Она кивнула, продолжая прятать от меня глаза.
— Не ты была за рулем, верно?
— Да.
— Почему ты садишься в машину к кому-то, кто даже не умеет ее водить? Ты в своем уме?
— Это было глупо. Я не должна была этого делать.
— Да, ты так считаешь? — Под правым виском запульсировала боль. Я потер его и издал длинный вздох. — С Эми все в порядке?
Джиллиан кивнула.
Мне хотелось рвать и метать, но в тот момент я не нашел в себе сил для этого. Не успел я подумать о том, что в ее возрасте совершил гораздо больше глупостей, когда вдруг понял, что Джиллиан сейчас всего на год старше, чем я в ту ночь, когда увидел шрамовника. В ту ночь, когда мы убили его.
Я резко зажмурился в надежде избежать быстрых вспышек, которыми всегда сопровождались воспоминания о той ночи. Дождь… кровь… тот крик.
— Главное, что никто не пострадал, — сказал я, стараясь не выдать дрожь в голосе.
— Мама очень злая.
— У нее есть для этого все основания. Как и у меня.
— Меня надолго посадят под домашний арест.
— Если к тридцати годам увидишь дневной свет, считай, тебе повезло.
Наконец Джиллиан посмотрела на меня. Легкая улыбка появилась у нее на лице, но быстро исчезла.
— Я люблю тебя, — сказал я ей.
— Я тоже тебя люблю.
Эта фраза никогда мне не надоест.
— Но если когда-нибудь снова выкинешь подобное, я устрою тебе такую взбучку, что опять окажешься здесь, понятно?
Она снова кивнула. Глаза у нее наполнились слезами.
— Не плачь. — Я протянул руку и вытер ей щеку. — Просто никогда нас так больше не пугай. Хочешь, чтобы у меня случился сердечный приступ, паршивка?
Я надеялся, что она рассмеется. Но этого не случилось.
— Если я спрошу у тебя кое-что, обещаешь сказать правду? — произнесла она.
— Конечно. Валяй.
— Думаешь, я жирная?
— Что? Нет, с чего это? Разве можно такое слово использовать в отношении людей?
— И все же. Я жирная?
— Нет, Джиллиан, ты не жирная.
Она вытерла с глаз остатки слез тыльной стороной руки.
— Думаешь, мне не нужно сбросить пару фунтов?
— Думаю, ты самое красивое и идеальное создание, которое я когда-либо видел.
— Ты обещал сказать правду.
— Я это и сделал.
Она отвернулась.
— Милая, почему ты задаешь мне подобные вопросы?

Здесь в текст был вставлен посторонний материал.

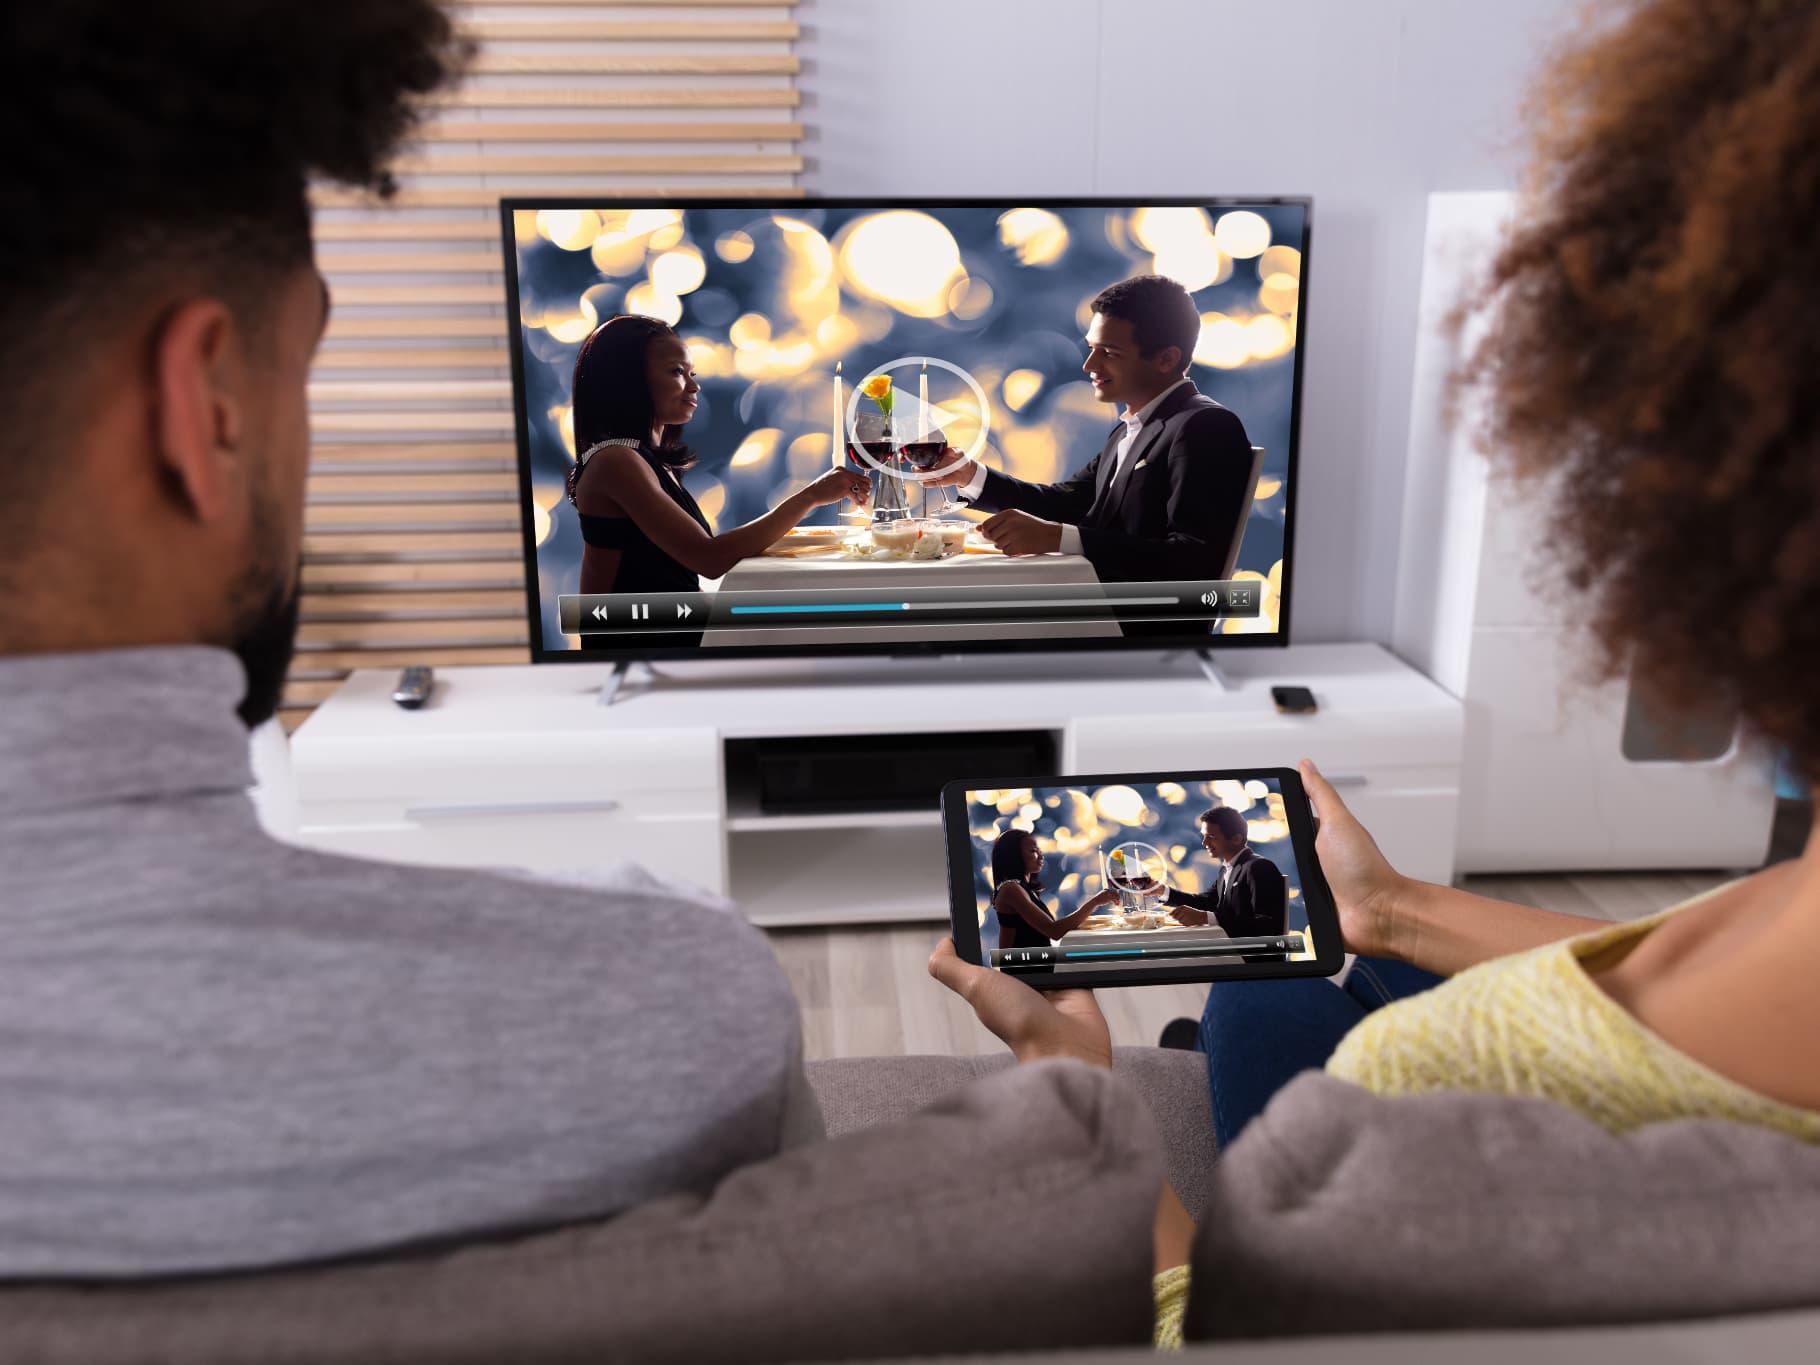 Quels sont les avantages d'une TV connectée ?

Опустив голову, Джиллиан пожала плечами.
— Тяжело сейчас дома?
— Типа того.
— Мама слишком строга к тебе?
— Ага, — ответила она, медленно болтая ногой взад-вперед. — Но она всегда была такой. Дело не в ней.

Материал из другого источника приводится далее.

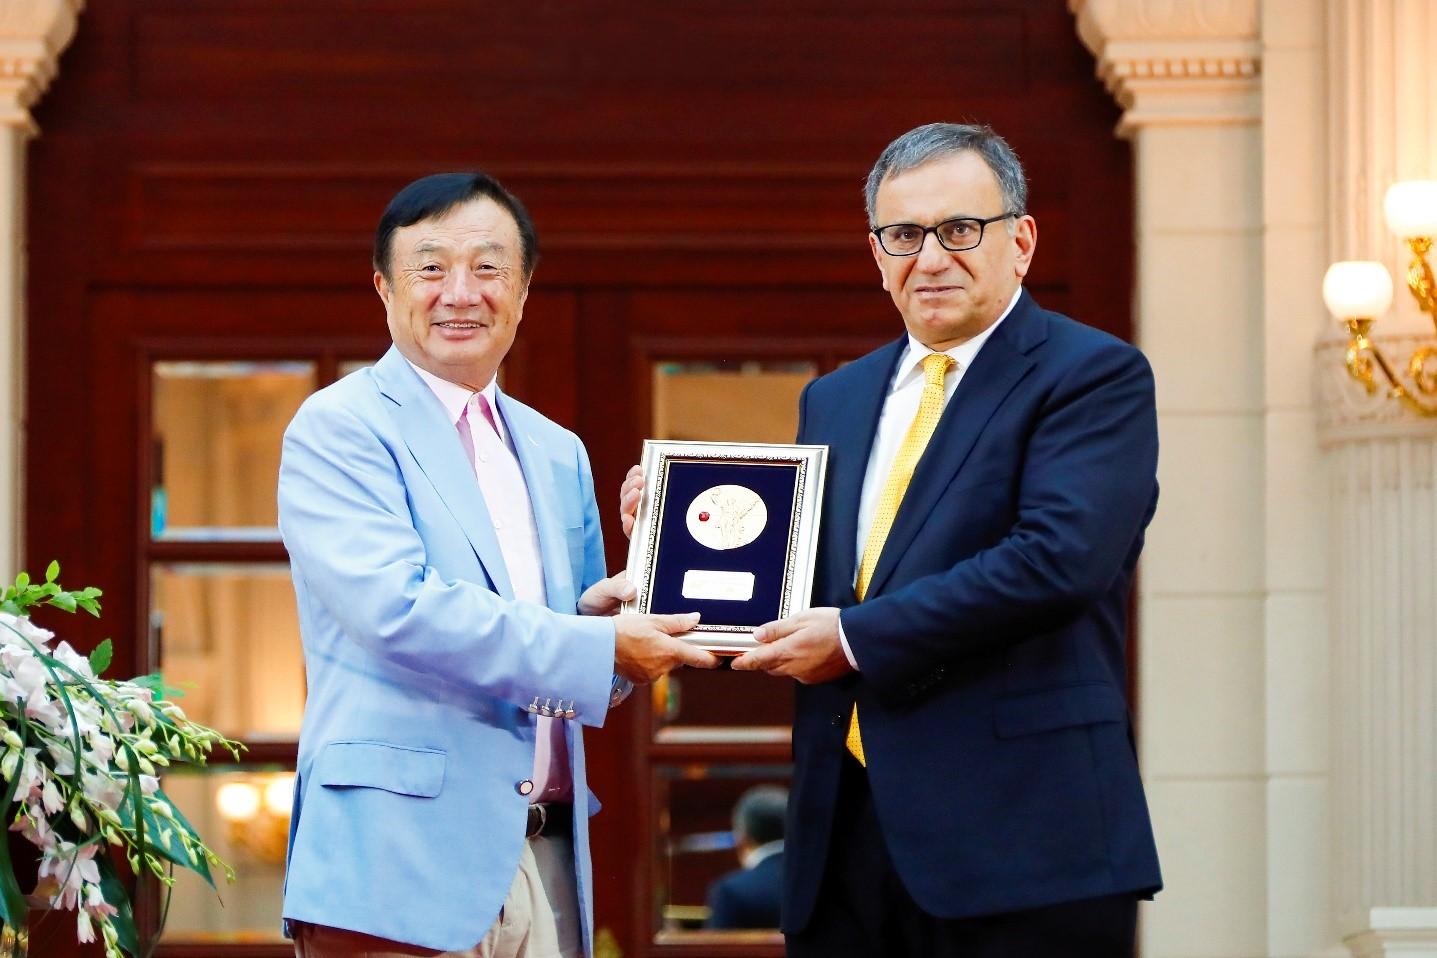 华为颁奖Polar码之父,致敬基础研究和探索精神

Я почувствовал, как каждый мускул у меня в теле напрягся.
— Альберт делал с тобой что-то?
— Нет, просто он… он всегда говорит, что мне нужно сбросить пару фунтов. И что если я не буду вести более здоровый образ жизни, то стану толстой, болезненной и…

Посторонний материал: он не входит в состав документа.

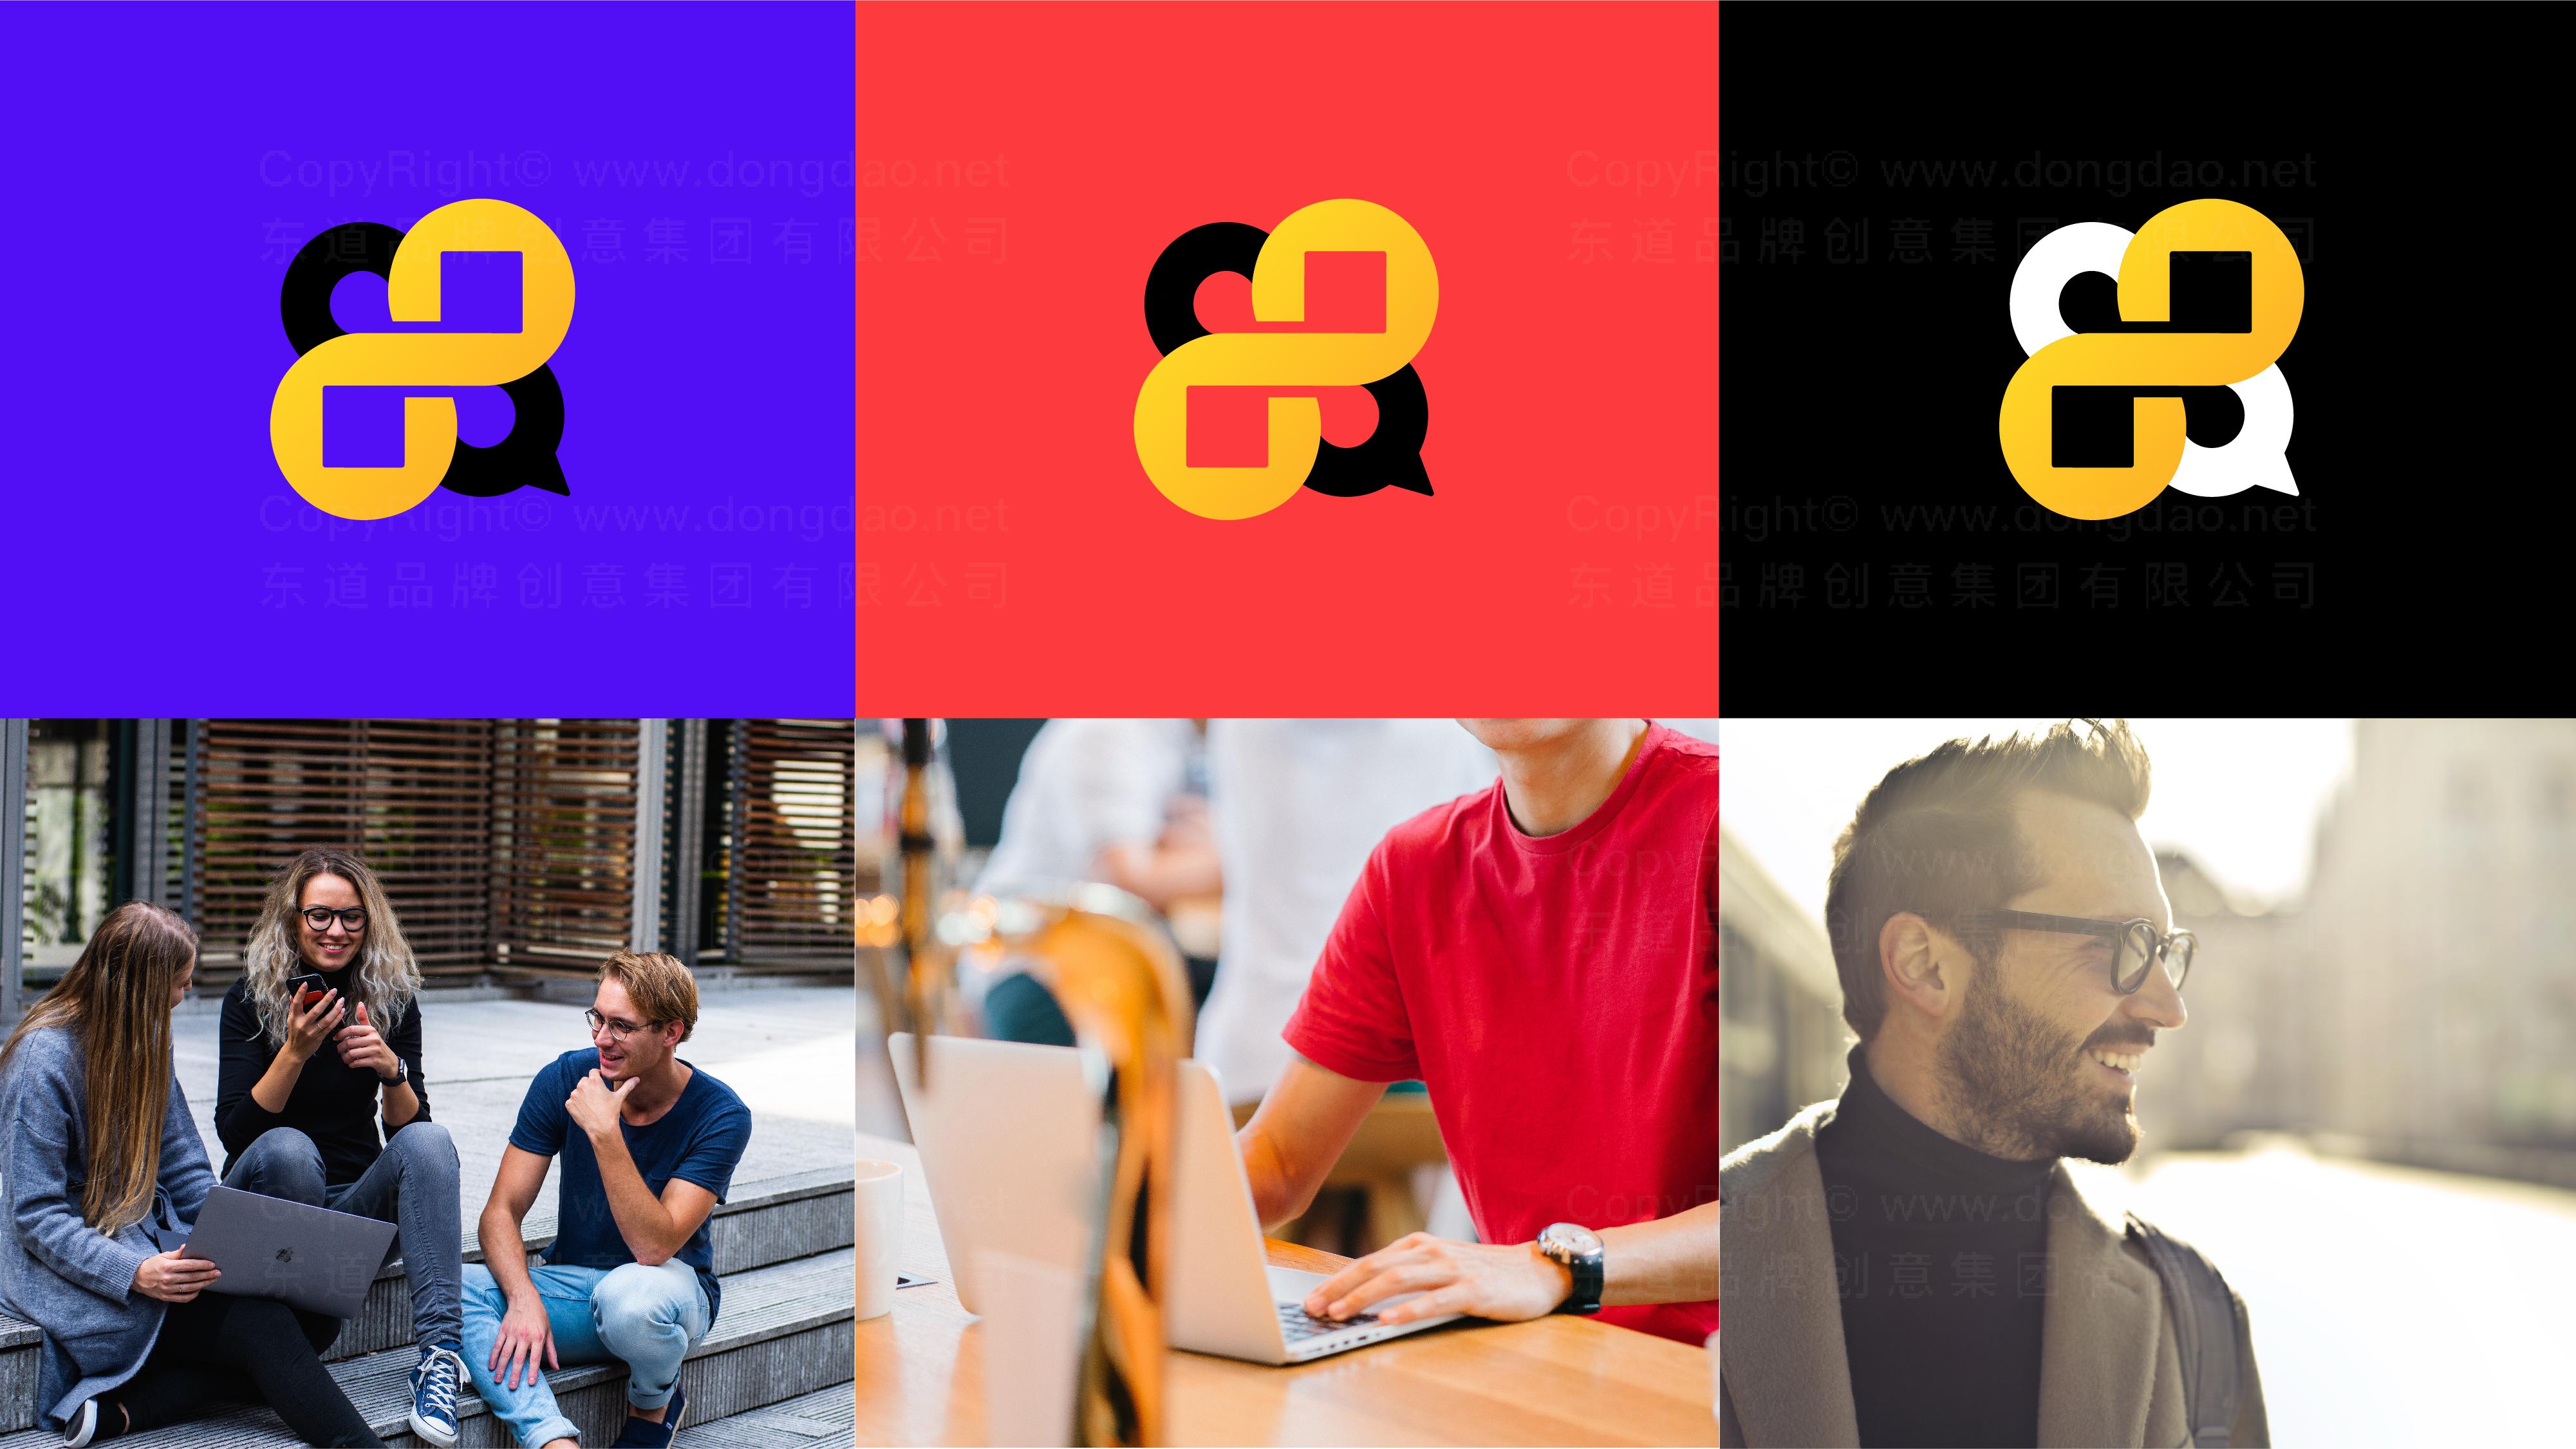 品牌设计蜂蜂贷LOGO&VI设计应用场景

— Посмотри на меня, — прервал я ее. Она подняла на меня глаза. — Ты сейчас в идеальной форме.
— Так всегда говорят толстухам.
— Неправда, ты… твое тело еще формируется, изменяется, и… — Я пытался подобрать правильные слова, чувствуя себя совершенно нелепо. — Послушай, не обращай внимания на Альберта, он — идиот. Просто будь собой, хорошо?
Какое-то время она смотрела на меня теми же любящими глазами, которыми впервые посмотрела на меня в больнице много лет назад: «Хорошо».
— Мне нужно идти. Возвращаться домой и немного поспать. Поговорим на следующей неделе.
— Пап?
Я замешкался возле занавески и оглянулся на нее.
— Ты в порядке?
Я не мог вспомнить, когда в последний раз мне задавали этот вопрос.
— Я в порядке, — сказал я, пытаясь проглотить ком в горле.
Мы оба знали, что я лгу, но она не стала заострять на этом внимание.